# Policies

The `rasa.core.policies.Policy` class decides which action to take at every step in the conversation.

There are different policies to choose from, and you can include multiple policies in a single [`rasa.core.agent.Agent`](https://legacy-docs-v1.rasa.com/1.4.6/api/agent/#rasa.core.agent.Agent).

Note
---
Per default a maximum of 10 next actions can be predicted by the agent after every user message. To update this value you can set the environment variable `MAX_NUMBER_OF_PREDICTIONS` to the desired number of maximum predictions.

Your project’s `config.yml` file takes a `policies` key which you can use to customize the policies your assistant uses. In the example below, the last two lines show how to use a custom policy class and pass arguments to it.

policies:
      - name: "KerasPolicy"
        featurizer:
        - name: MaxHistoryTrackerFeaturizer
          max_history: 5
          state_featurizer:
            - name: BinarySingleStateFeaturizer
      - name: "MemoizationPolicy"
        max_history: 5
      - name: "FallbackPolicy"
        nlu_threshold: 0.4
        core_threshold: 0.3
        fallback_action_name: "my_fallback_action"
      - name: "path.to.your.policy.class"
        arg1: "..."

### Configuring Policies
The `max_history` is an important hyperparameter that controls how much dialogue history the model looks at to decide which action to take next.

You can set the `max_history` by passing it to your policy’s `Featurizer` in the policy configuration yaml file.

Note
---
Only the `MaxHistoryTrackerFeaturizer` uses a max history, whereas the `FullDialogueTrackerFeaturizer` always looks at the full conversation history.

### Data Augmentation
When you train a model, by default Rasa Core will create longer stories by randomly combining the ones in your stories files.

You can alter this behavior with the `--augmentation` flag, which allows you to set the `augmentation_factor`. The `augmentation_factor` determines how many augmented stories are subsampled during training.

### Action Selection
At every turn, each policy defined in your configuration will predict a next action with a certain confidence level. The bot’s next action is then decided by the policy that predicts with the highest confidence.

### Keras Policy
The `KerasPolicy` uses a neural network implemented in [Keras](http://keras.io/) to select the next action. The default architecture is based on an LSTM, but you can override the `model_architecture` method to implement your own architecture.

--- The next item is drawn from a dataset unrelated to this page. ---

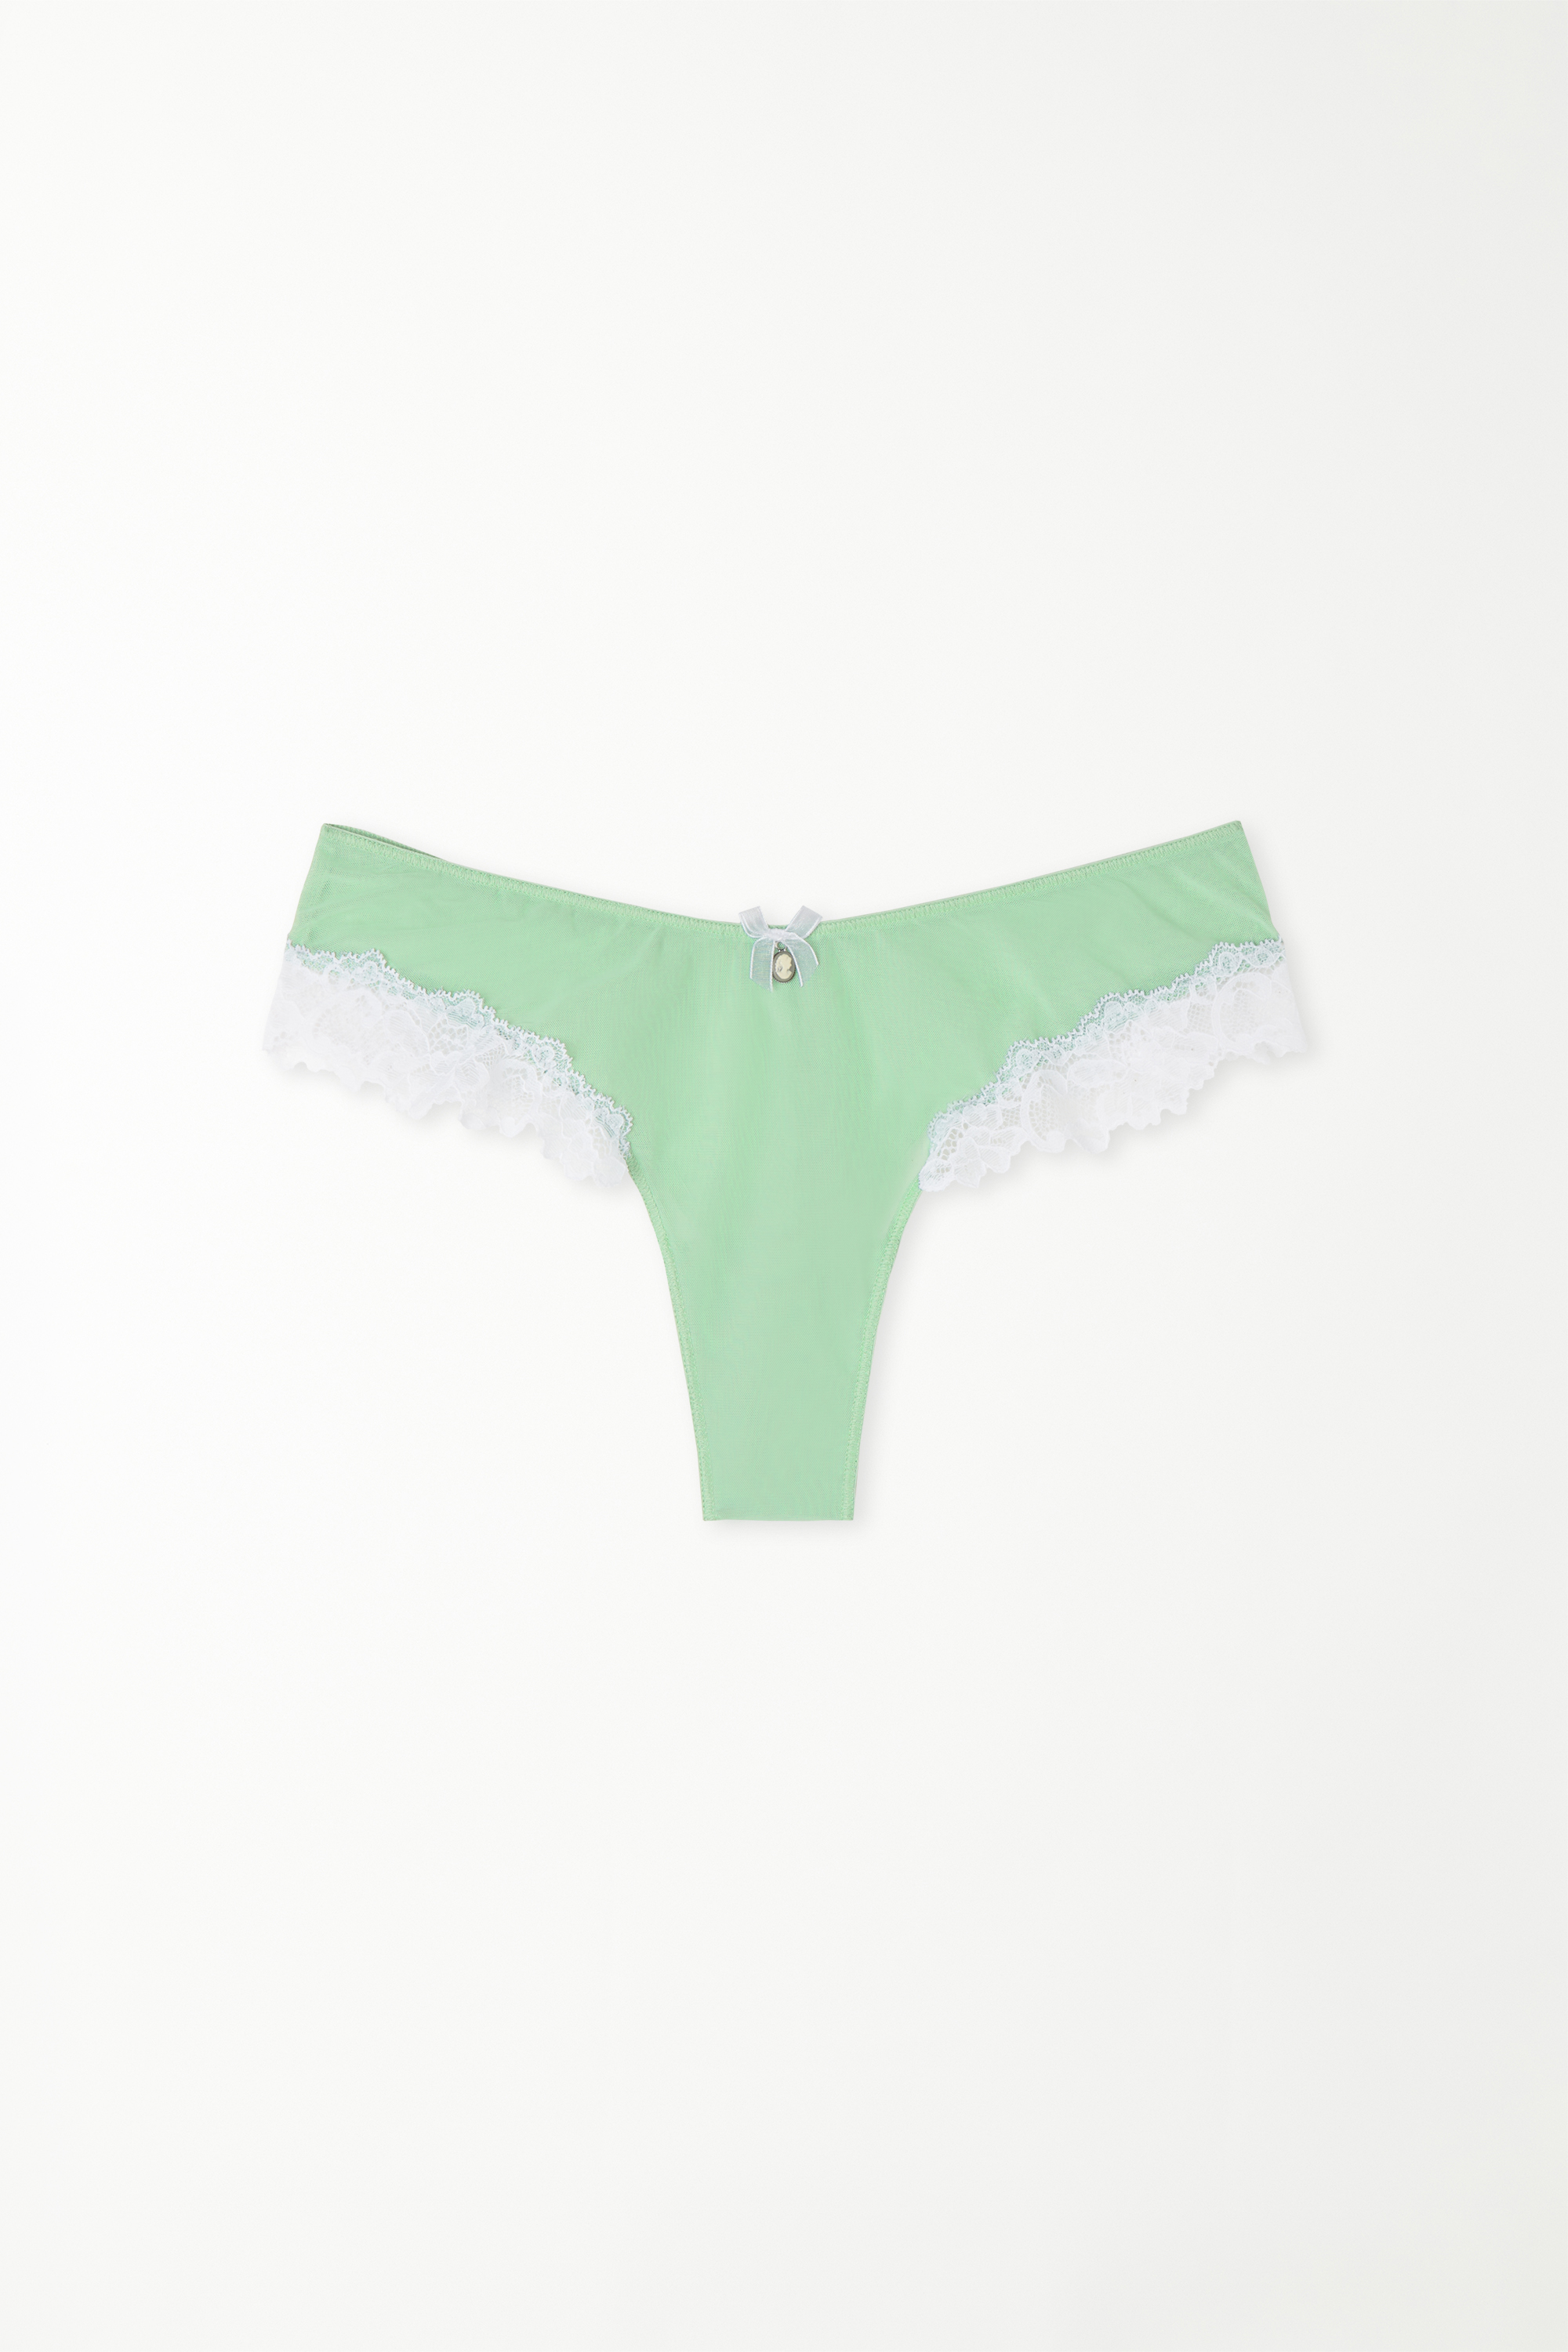 Soft Mint Cammeo Brazilian Panties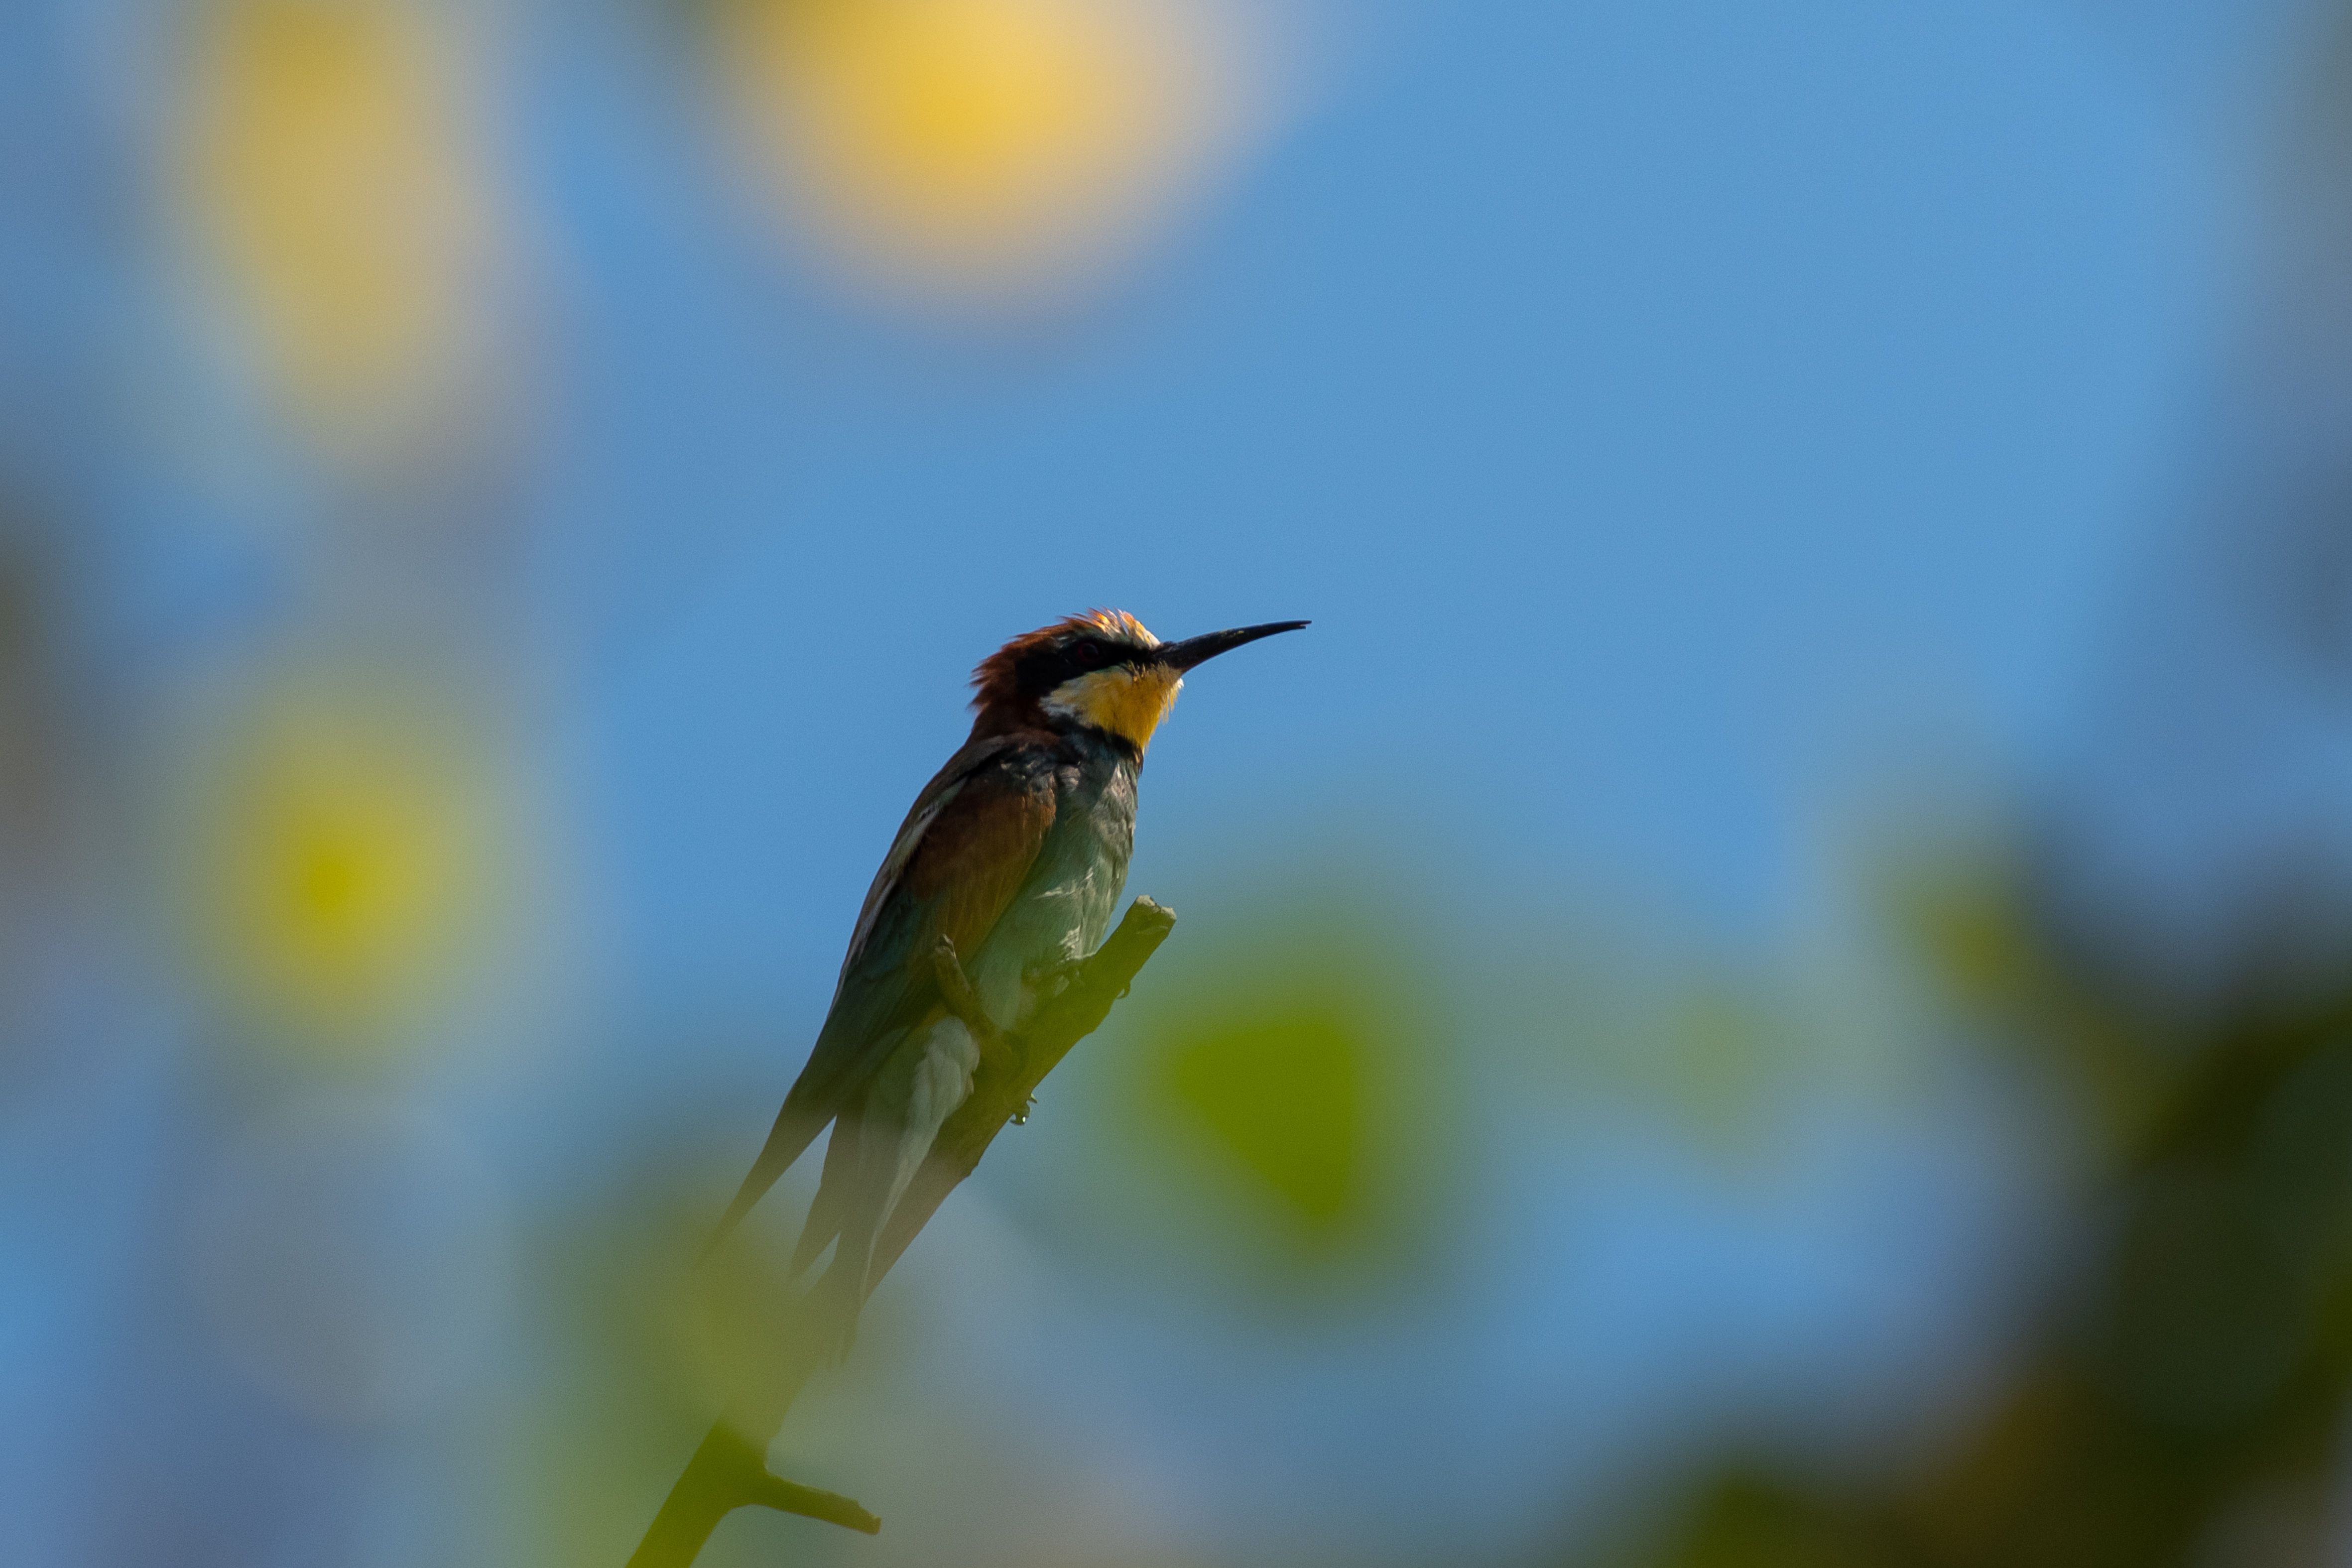 European bee-eater, Merops apiaster, volgograd, rusia, wildlife, bird, birds, birdswatching, , Сторчилов Павел

def model_architecture(self, input_shape: Tuple[int, int], output_shape: Tuple[int, Optional[int]]) -> tf.keras.models.Sequential:
        # Build Model
        model = Sequential()
        model.add(Masking(mask_value=-1, input_shape=input_shape))
        model.add(LSTM(self.rnn_size, dropout=0.2))
        model.add(Dense(input_dim=self.rnn_size, units=output_shape[-1]))
        model.add(Activation("softmax"))
        model.compile(loss="categorical_crossentropy", optimizer="rmsprop", metrics=["accuracy"])

### Memoization Policy
The `MemoizationPolicy` memorizes the conversations in your training data and predicts the next action with confidence `1.0` if this exact conversation exists in the training data.

### Fallback Policy
The `FallbackPolicy` invokes a fallback action if:

1. The intent recognition has a confidence below `nlu_threshold`.
2. The highest ranked intent differs in confidence from the second highest ranked intent by less than `ambiguity_threshold`.
3. None of the dialogue policies predict an action with confidence higher than `core_threshold`.

#### Configuration:
    policies:
      - name: "FallbackPolicy"
        nlu_threshold: 0.3
        ambiguity_threshold: 0.1
        core_threshold: 0.3
        fallback_action_name: 'action_default_fallback'

|     |     |
| --- | --- |
| `nlu_threshold` | Min confidence required to accept an NLU prediction |
| `ambiguity_threshold` | Minimum confidence required for intent distinction |
| `core_threshold` | Min confidence required for action prediction |
| `fallback_action_name` | Name of the fallback action triggered if thresholds are not met |

### Two-Stage Fallback Policy
The `TwoStageFallbackPolicy` is designed to handle low NLU confidence in multiple stages.

#### Configuration:
    policies:
      - name: TwoStageFallbackPolicy
        nlu_threshold: 0.3
        ambiguity_threshold: 0.1
        core_threshold: 0.3
        fallback_core_action_name: "action_default_fallback"
        fallback_nlu_action_name: "action_default_fallback"
        deny_suggestion_intent_name: "out_of_scope"

### Form Policy
The `FormPolicy` is an extension of the `MemoizationPolicy` that handles the filling of forms. Once a `FormAction` is called, the `FormPolicy` will predict the `FormAction` until all required slots are filled.